_What is being asked_. Find the line holding "Case: 33 x 24.5mm" in the entries below. Give it again exactly, along with every line after it up to and including the line holding "U.S. Soybean Oilcake".

___ Dataset entries ___

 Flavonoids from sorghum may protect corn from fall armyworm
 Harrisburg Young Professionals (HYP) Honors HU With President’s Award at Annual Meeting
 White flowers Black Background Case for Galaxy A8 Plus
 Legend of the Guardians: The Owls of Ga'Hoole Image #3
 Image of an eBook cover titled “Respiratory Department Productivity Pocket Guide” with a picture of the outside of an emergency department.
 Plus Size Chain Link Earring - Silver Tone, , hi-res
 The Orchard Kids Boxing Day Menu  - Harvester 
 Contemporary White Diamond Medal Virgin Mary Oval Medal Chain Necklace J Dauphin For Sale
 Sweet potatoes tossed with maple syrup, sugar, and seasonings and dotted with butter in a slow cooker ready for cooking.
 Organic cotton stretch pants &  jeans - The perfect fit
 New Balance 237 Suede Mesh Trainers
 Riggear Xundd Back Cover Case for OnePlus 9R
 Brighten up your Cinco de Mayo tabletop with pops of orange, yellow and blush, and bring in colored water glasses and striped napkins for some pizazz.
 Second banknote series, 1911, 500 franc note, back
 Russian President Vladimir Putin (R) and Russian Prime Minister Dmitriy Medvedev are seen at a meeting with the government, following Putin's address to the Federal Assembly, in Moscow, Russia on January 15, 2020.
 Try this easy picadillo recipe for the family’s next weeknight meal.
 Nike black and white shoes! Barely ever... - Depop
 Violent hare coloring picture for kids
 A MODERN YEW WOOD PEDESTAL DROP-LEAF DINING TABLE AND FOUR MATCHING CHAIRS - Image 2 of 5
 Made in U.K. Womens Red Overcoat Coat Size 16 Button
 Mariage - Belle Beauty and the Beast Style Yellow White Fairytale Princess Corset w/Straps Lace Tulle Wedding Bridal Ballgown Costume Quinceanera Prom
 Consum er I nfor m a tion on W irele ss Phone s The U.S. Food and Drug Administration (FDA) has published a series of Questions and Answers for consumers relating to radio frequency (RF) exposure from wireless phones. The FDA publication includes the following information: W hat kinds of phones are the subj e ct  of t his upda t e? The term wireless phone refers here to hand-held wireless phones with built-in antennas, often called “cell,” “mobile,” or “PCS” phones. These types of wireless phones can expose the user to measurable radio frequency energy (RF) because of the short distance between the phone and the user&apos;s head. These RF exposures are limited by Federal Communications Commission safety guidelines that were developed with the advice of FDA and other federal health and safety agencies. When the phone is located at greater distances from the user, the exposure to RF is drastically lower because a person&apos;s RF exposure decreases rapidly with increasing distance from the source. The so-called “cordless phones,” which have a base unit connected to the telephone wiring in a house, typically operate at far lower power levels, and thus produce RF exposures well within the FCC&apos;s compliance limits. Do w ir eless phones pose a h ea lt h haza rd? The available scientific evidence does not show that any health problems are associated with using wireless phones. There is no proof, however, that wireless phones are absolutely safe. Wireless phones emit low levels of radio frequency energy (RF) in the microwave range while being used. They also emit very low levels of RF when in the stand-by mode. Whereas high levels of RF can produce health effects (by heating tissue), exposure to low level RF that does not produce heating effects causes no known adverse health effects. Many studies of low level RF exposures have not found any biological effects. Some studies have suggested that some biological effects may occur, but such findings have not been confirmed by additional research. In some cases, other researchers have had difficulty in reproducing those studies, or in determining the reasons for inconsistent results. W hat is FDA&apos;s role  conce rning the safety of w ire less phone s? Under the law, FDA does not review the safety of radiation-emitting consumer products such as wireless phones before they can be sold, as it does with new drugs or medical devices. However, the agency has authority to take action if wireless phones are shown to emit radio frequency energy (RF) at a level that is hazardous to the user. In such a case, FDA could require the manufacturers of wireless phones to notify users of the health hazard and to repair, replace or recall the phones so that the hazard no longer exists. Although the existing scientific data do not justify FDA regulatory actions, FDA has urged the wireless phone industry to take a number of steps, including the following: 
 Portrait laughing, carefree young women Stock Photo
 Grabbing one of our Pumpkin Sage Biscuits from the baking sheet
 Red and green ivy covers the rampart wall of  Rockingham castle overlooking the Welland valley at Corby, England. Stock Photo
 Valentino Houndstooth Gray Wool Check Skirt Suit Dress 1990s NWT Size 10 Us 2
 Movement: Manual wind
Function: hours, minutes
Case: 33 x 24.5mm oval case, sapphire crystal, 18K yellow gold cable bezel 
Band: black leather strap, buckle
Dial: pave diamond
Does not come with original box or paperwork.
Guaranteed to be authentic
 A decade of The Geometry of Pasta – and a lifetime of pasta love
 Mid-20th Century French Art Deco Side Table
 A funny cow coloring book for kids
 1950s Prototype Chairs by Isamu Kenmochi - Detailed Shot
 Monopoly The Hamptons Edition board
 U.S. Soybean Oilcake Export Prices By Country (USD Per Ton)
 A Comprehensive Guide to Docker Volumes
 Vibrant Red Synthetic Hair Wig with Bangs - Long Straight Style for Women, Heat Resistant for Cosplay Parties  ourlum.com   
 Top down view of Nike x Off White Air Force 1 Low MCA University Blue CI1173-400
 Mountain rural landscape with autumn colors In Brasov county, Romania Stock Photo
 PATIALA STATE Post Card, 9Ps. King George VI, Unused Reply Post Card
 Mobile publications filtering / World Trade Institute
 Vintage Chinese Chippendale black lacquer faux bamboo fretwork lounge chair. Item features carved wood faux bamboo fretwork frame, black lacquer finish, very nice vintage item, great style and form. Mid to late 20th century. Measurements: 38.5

___

_Answer section_.
Case: 33 x 24.5mm oval case, sapphire crystal, 18K yellow gold cable bezel 
Band: black leather strap, buckle
Dial: pave diamond
Does not come with original box or paperwork.
Guaranteed to be authentic
 A decade of The Geometry of Pasta – and a lifetime of pasta love
 Mid-20th Century French Art Deco Side Table
 A funny cow coloring book for kids
 1950s Prototype Chairs by Isamu Kenmochi - Detailed Shot
 Monopoly The Hamptons Edition board
 U.S. Soybean Oilcake Export Prices By Country (USD Per Ton)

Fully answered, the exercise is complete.